In this article, we will discuss the functioning of a few commonly used Neural Networks, namely:

  1. Hebbian Neural Networks
  2. Auto-Associative Neural Networks
  3. Hopfield Neural Networks
  4. Radial Basis Function Neural Networks
  5. Kohonen's (Self Organizing Map) Neural Network
  6. LVQ (Learning Vector Quantization) Neural Networks

Hebbian Neural Networks

hebb-2
Hebbian Neural Networks, also called Hebb Neural Networks, are one of the simplest types of Artificial Neural Networks. They are feed-forward Neural Networks, meaning that they are unsupervised, since there is no output label associated with the input data during the training process. It consists of one input layer (with multiple input neurons) and one output layer (with a singular output neuron). They work on bipolar data (-1 and 1) and NOT binary data (0 and 1).

These Neural Networks use what is known as Hebb's rule, which states:
If neuron 'A' frequently activates a nearby neuron 'B', then some growth process or metabolic change occurs which makes neuron 'A' more effective at activating neuron 'B'. The inverse also holds true.

Let us now take a look at the training algorithm:
(Assuming that the input vector is Xi, and the target output vector is Y)

  1. Initialize all of the weights to 0.
    Thus, Wi = 0
  2. Now, update the weights for each training sample.
    Wi(new) = Wi(old) + ∆W,
    where ∆W = Xi + Y (Change in weight depending on how the neurons interact).

Now that the weights have been updated based on the input vector, if we feed the Hebbian Neural Network the same input vector once again, we will find that it outputs '1', meaning that it has successfully recognized the input vector.

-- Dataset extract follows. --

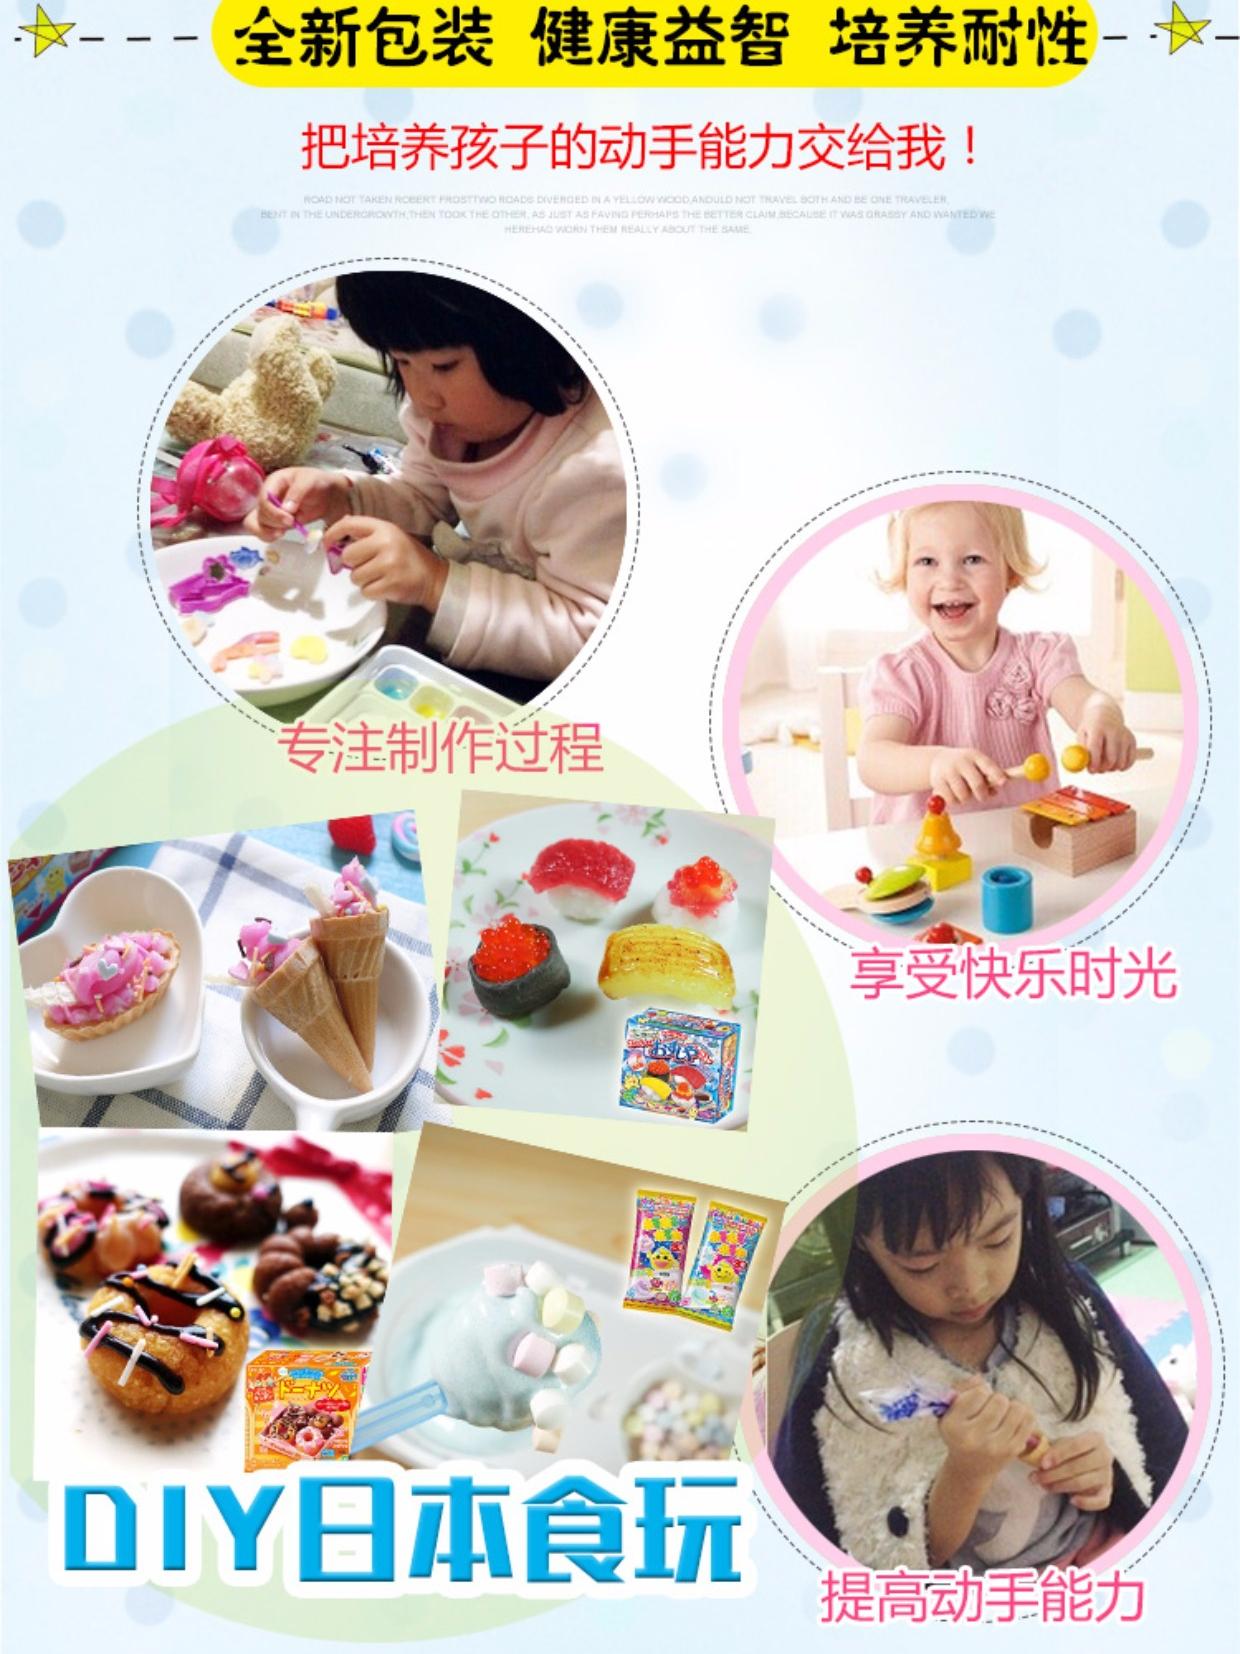 。日本の食玩小玲のおもちゃの隣で食べられます。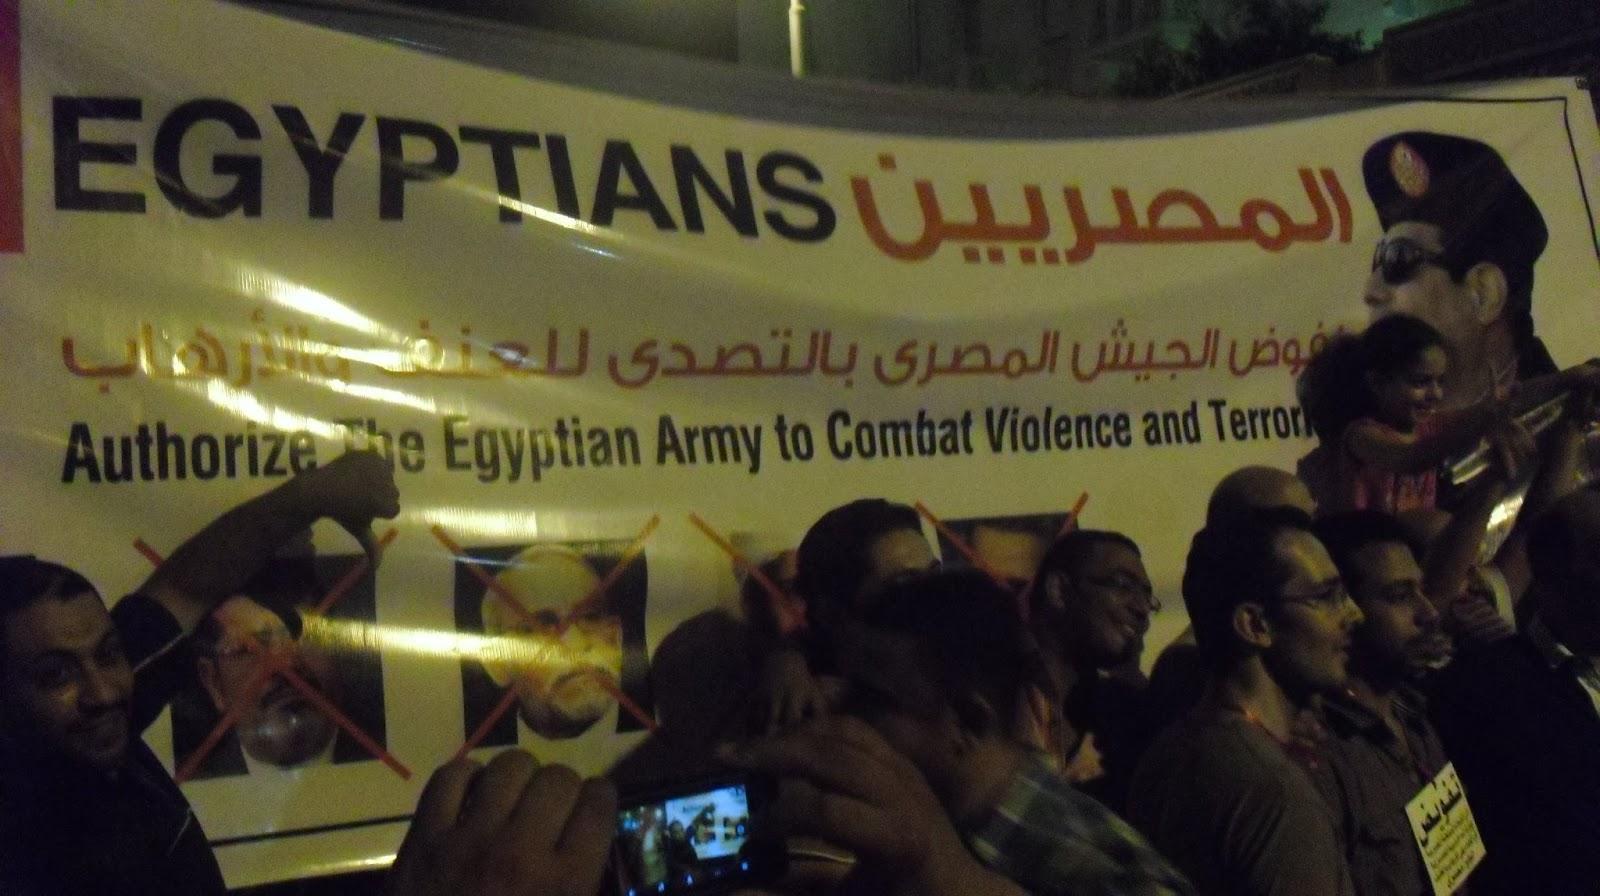 eg july 26 Egyptians authorize army

Auto-Associative Neural Networks

auto-associative-1
Auto-Associative Neural Networks are used to retrieve a piece of complete data from only a small sample of available data. In order to understand this better, let's turn to a real world example. If a burglar were to commit a crime, and then choose to commit the same crime the next day, only while wearing a face mask this time around (which covers, say, half of the burglar's face), then the concerned authorities will still more than likely be able to deduce that both of these crimes were committed by the same person despite the person's face not being entirely visible on the second day, due to similarities in the way that the crimes were committed and since half of the burglar's face was visible the second time around, the other half can be (approximately) reconstructed. Auto-Associative Neural Networks work in a similar manner. They contain the same number of input as well as output nodes, and also work on bipolar data and not binary data.

Let us now look at a simplified version of the training algorithm:
(Assuming the input vector is Xi, the target output vector is Y, and the weight matrix is Wij)

  1. Initialize the weight matrix as:
    Wij = Σ Xi' * Xi, for i=1 to n, and Xi' is Xi transpose.
  2. Now, by setting the above weights to the Auto-Associative Neural Network and by
    applying the same input vector,
    Y = Σ Xi * Wij
    We find that the Neural Network obtains an output that is equivalent to the
    input, OR, we can say that the Neural Network has successfully retained
    the pattern.

Now, even if we modify the input vector, that is, if the input vector contains one or two missing or incorrect data entries, we will find that the Neural Network will still be able to recall the complete input pattern.

Hopfield Neural Networks

hopfield
Hopfield Neural Networks are very similar to Auto-Associative Neural Networks. The major difference between the two is that there's an element of back propagation in Hopfield Neural Networks. Here, the output of each neuron (in the output layer) is 'fed back' to every other neuron in the output layer, except itself. Hopfield Neural Networks work with both bipolar as well as binary data.

The training algorithm is essentially the same as that of Auto-Associative Neural Networks, however, there are differences in the testing algorithm, which is as follows:

  1. Find the weight matrix with no self connection, i.e. where the diagonal elements
    are 0 owing to the lack of self feedback.
  2. Represent the input vector (Xi) in binary.
  3. Assign Yi = Xi
  4. Find:
    Yin = Xi + Σj[YjWji],
    where Xi represents each individual element in the input vector.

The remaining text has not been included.